3-Dimensional borehole visualization

Subsurface information is essential for Vermont Geological Survey mapping projects and groundwater or geologic hazard investigations. It improves below-ground interpretations and subsurface models, allowing for more accurate construction of cross-sections, 3D bedrock elevation surfaces, overburden thickness (Isopach) maps and more. Subsurface data is obtained either through indirect measurments such as ground-penetrating radar, passive seismic readings, and bore-hole geophysical logging or direct measurements such as augers, core-logging, and vertical exposures to name a few.

Geophysical logging of drinking water wells is a key component of the Vermont Geological Survey's research on groundwater quality in fractured bedrock aquifers. We can use these logs derived from a series of instruments lowered down the borehole to indentify faults, contacts, bedding, fractures, veins and many other geologic features. Not only do these logs offer incredible detail about the rock itself but also the size, distribution, orientation, and character of flow pathways in the subsurface.

Each geophysical log provides a wealth of information, but it is often overly simplified in geologic models and visualizations. By plotting information derived from boreholes in 3D, we can show a large amounts of detail plotted in x,y,z space. We use common structural geologic methods to identify fracture sets and common orientations and plot them using the Plotly python library. This results in interactive 3D plots that greatly aid geologists who interpreting borehole logs by illustrating the details of the logs in x,y,z space.
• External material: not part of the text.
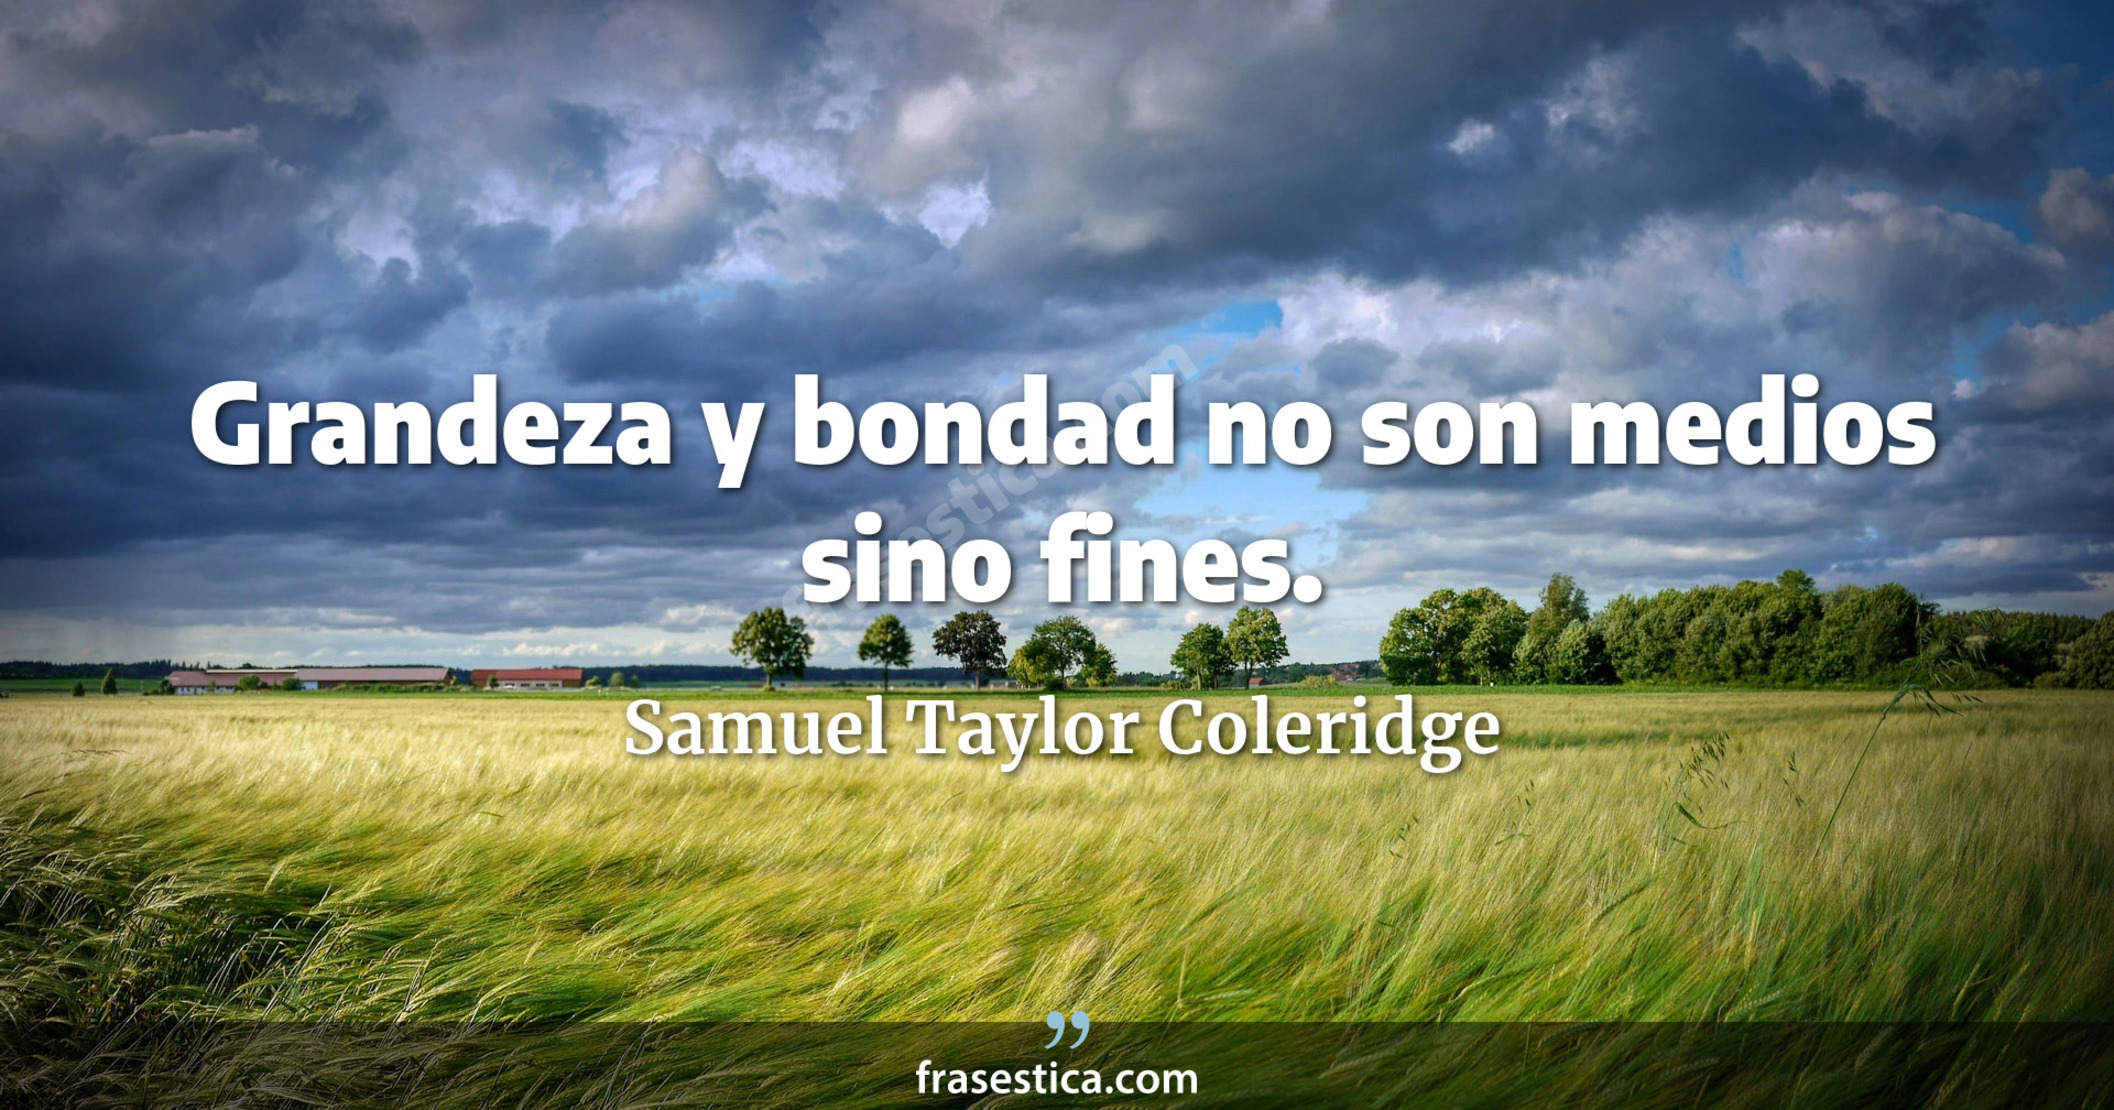 Grandeza y bondad no son medios sino fines. - Samuel Taylor Coleridge

A key component of plotting in x,y,z space is calculating the true position of the borehole. In virutally all cases boreholes are not perfectly vertical and they (either purposefully or not) deflect from the vertical. To calculate the true position of the borehole at depth I use a series of equations derived for horizontal drilling that iteratively calculations the borehole position from the depth, azimuth, and tilt of the borehole, which is recorded at regular intervals.

To plot planar features that intersect the borehole I use orientation information derived from the acoustic televiewer, optical televiewer, caliper, and other tools to derived the equation for each planar feature. Then I plot these planes along with the true borehole position and often colorize them based on certain properties. This provides a tremendous amount of information in an interactive 3D display.

View interactive 3D Plotly display

In most cases the geophysical logs do not provide much information about how far features extend beyond the borehole. I often plot features such as fractures closely around the borehole even though they could possibly extend far beyond. With other features such as bedding, with sound geologic mapping at the surface and in the subsurface, it is sometimes appropriate to extrapolate their continuation and orientation. We can project and plot these features and determine where the intersect the land surface, or other boreholes in the area.